Во свете мы познаём Бога, но также и самих себя, и судим самих себя. По учению Евагрия, ум человеческий, созерцая Бога, представляется сам себе богоподобным существом; по учению св. Симеона, в божественном свете прежде всего открывается наше несходство с Богом. "Ныне, в настоящей жизни, входя в свет чрез покаяние, самоохотно и самопроизвольно, мы хотя обличаемся и осуждаемся, но, по благости и человеколюбию Божию, обличаемся и осуждаемся тайно и сокровенно, в глубине души нашей, во очищение и прощение грехов наших. И только один Бог вместе с нами знает и видит сокровенности сердец наших, И кто здесь, в настоящей жизни бывает судим таким судом, тому нечего бояться другого какого истязания. Но тогда, во второе пришествие Господне, на тех, которые ныне не хотят внити в свет и быть им судимы и осуждаемы, но ненавидят его, откроется свет, сокрытый ныне, и сделает явными все их сокровенности. И все мы, ныне укрывающие себя и не хотящие объявить сокровенности сердец наших чрез покаяние, раскрыты будем тогда действом света пред лицем Бога и пред всеми прочими, - что такое есмы мы ныне" 261.

Итак, свет есть суд, он есть также парусия [второе пришествие], уже совершающаяся для тех, кто живет в общении с Богом, ибо опытное познание нетварного света превосходит границы тварного существа, выходит за пределы пространства и времени к "Тайне восьмого дня". Так у св. Симеона мистическое созерцание соединяется с эсхатологическим прозрением.

В самом деле, "для тех, которые соделались чадами света и сынами будущего дня и могут всегда как во дни ходить благообразно, никогда не придет день Господень, потому что они всегда с ним и в нем находятся. Ибо день Господень явится не для тех, которые уже осияваются божественным светом, но он внезапно откроется для тех, которые находятся во тьме страстей, живут в мире по-мирски и любят блага мира сего; для них явится он вдруг, внезапно, и покажется им страшным, как огнь нестерпимый и невыносимый" 262.

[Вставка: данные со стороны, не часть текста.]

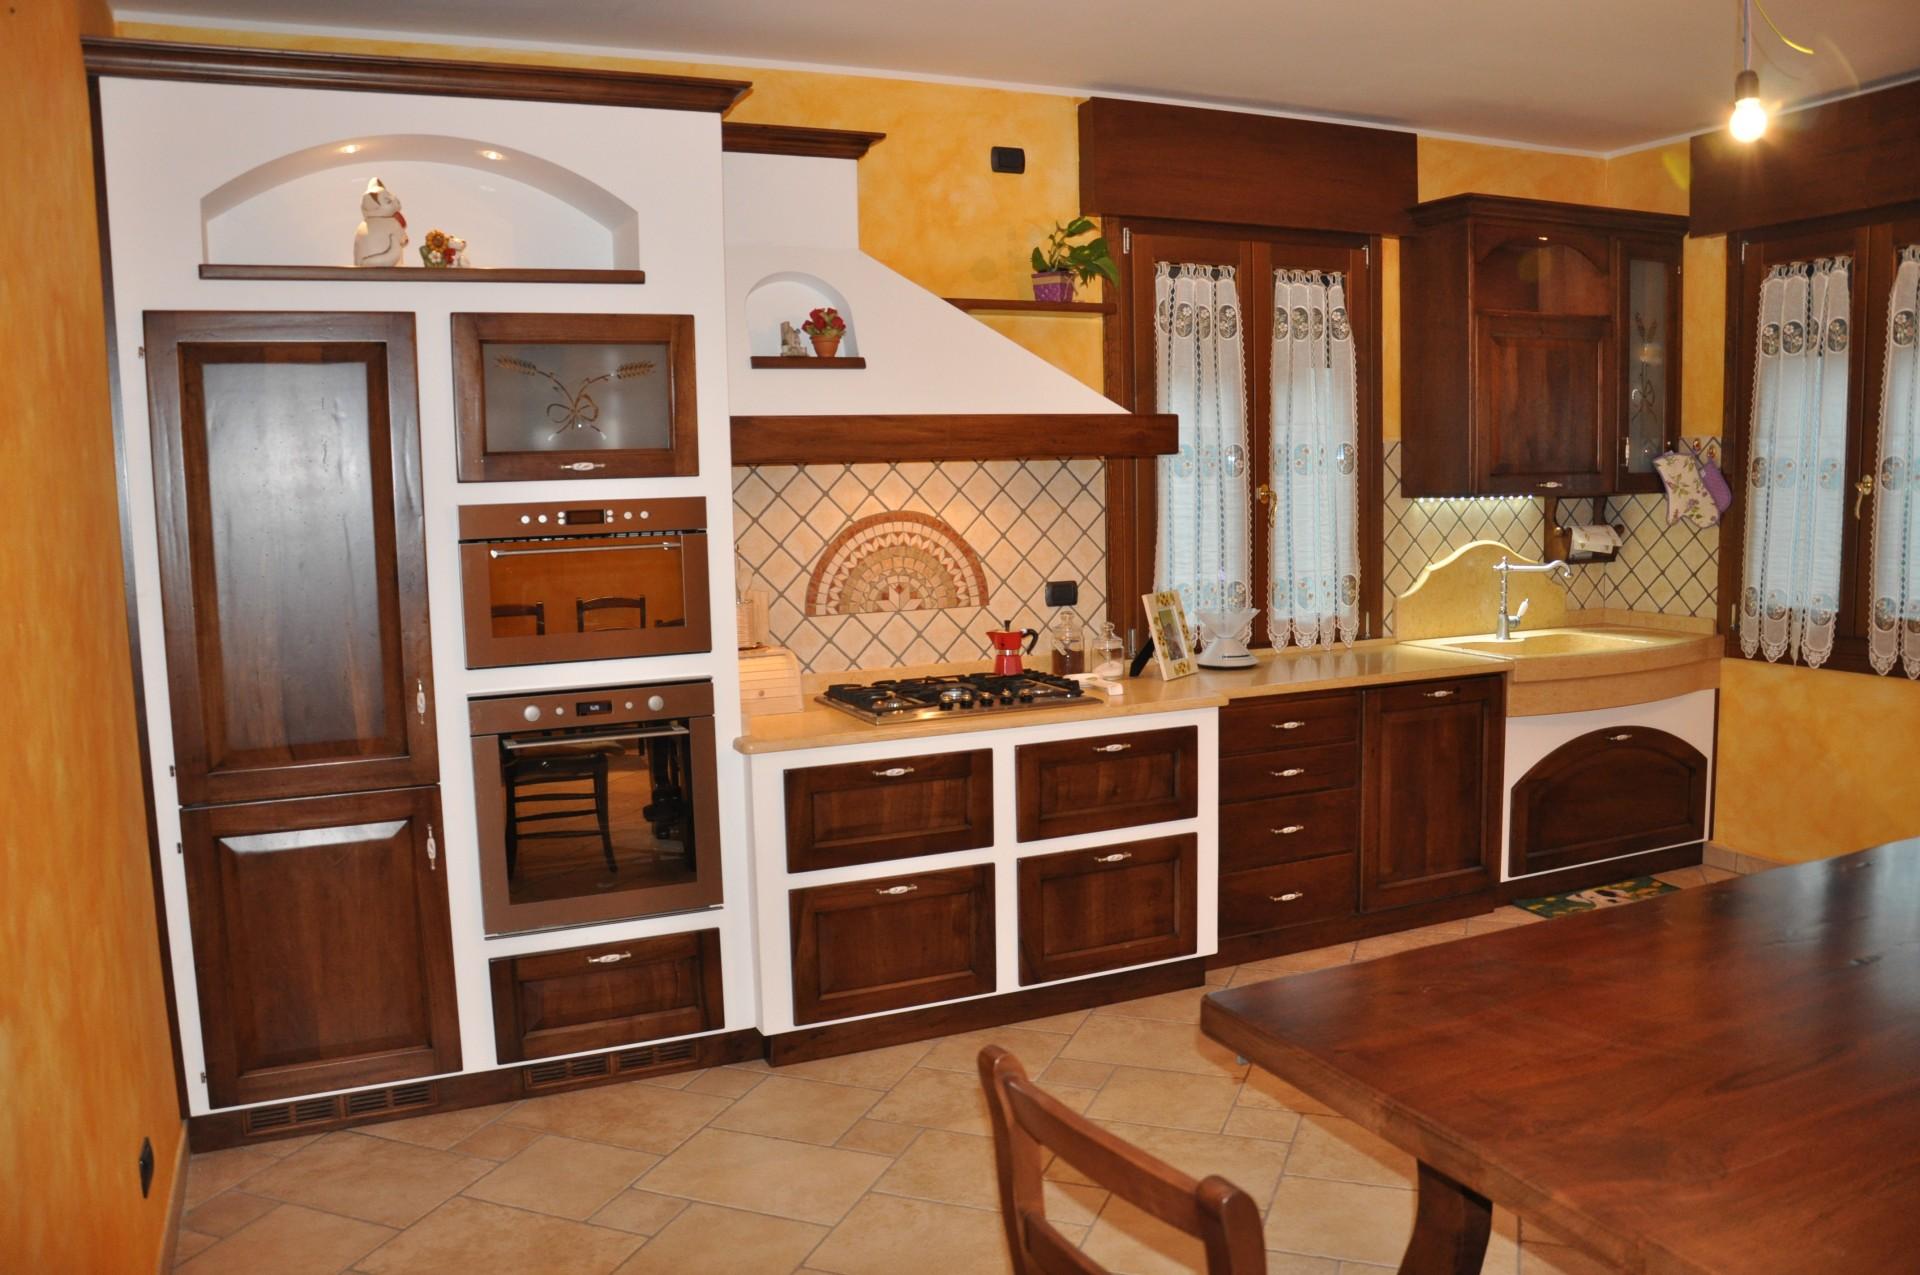 Cucina in muratura fadini mobili cerea verona for Cucine in muratura country

В состоянии обожения, которое наступит в будущем веке. Святой Дух явится во всем как свет, но видеть будут Личность Христа. "Благодать Твоего Всесвятого Духа, - говорит Симеон, - будет озарять праведников как звезды и среди них воссияешь Ты, о недосягаемое Солнце! Тогда все они просветятся в меру своей веры и своих дел, своей надежды и любви, в меру очищения и озарения Твоим Духом, о Единый Бог бесконечной кротости!" 263 "Тогда Христос будет видим всеми, и Сам Христос будет видеть все бесчисленные мириады святых, ни с кого глаз не сводя, так что каждому из них будет казаться, что Он на него смотрит, беседует с ним и приветствует его; и никто не будет опечален тем, будто Христос не обратил на него внимания и презрел его... Пребывая неизменным, Он будет являть Себя инаковым для одного, и инаковым для другого; будет уделять Себя каждому, как подобает и как он того достоин" 264.

Мы сказали бы, что это ви'дение Бога, не являющееся ви'дением существенным, имеет характер общения экзистенциального, если позволительно применить этот современный термин к византийской духовной жизни XI века. В самом деле, это не только общение тварной и несозданной природы, но и раскрытие каждой человеческой личности, принимаемой Богом, Который обращается к каждому в отдельности. Слова апостола Павла: "Я познаю Его, как и я познан Им" получают здесь смысл личного общения с Живым Богом, Который является не только универсальной природой, но и Богом каждого. В дальнейшем мы увидим, как это учение о ви'дении Бога нашло свое догматическое отражение в доктринальном конфликте XIV века.

Глава 9
ПАЛАМИТСКИЙ СИНТЕЗ
265

В историю богословской мысли входят различные периоды, как бы вероучительные циклы, в которых какой-то один аспект христианского предания обретает сравнительно с другими исключительное значение, в которых все темы учения в известной степени трактуются соотносительно с каким-то одним вопросом, становящимся для догматического сознания центральным. Слишком незамеченным остался тот чисто пневматологический аспект, который, начиная с половины девятого века, становится все более и более характерным для византийского богословия после его окончательной победы над иконоборчеством, после той эпохи, которой завершается целый вероучительный цикл и которую можно назвать христологической. Вопросы, относящиеся к Духу Святому и благодати, - вот то ядро, вокруг которого строится теперь богословская мысль, более чем когда-либо неотделимая от духовной жизни. Мы видели, как вслед за Дионисием св. Максим Исповедник и св. Иоанн Дамаскин разработали богословие обожения, включив его в рамки христологии, связанной с учением об энергиях, и в предыдущей главе проследили, как это учение об обоживающем единении проявилось в своем пневматологическом аспекте у св. Симеона Нового Богослова

Св. Симеон действительно "новый богослов": он самый яркий выразитель того пневматологического течения в византийском богомыслии, которое, как бы объятое тайной обитающего в нас Духа Святого, не ищет своего внешнего выражения, как богословие христологическое, а сосредоточивается в молчании, в исихии. Только грубое вмешательство со стороны некоторых представителей рационалистического богословия, только профанация сокрытой, созерцательной жизни заставили эту духовную жизнь монастырей и скитов выйти из своего уединения, принудили ее, поставленную перед конфликтом, относящимся к вероучению, искать своего догматического выражения, как богословия мистического опыта.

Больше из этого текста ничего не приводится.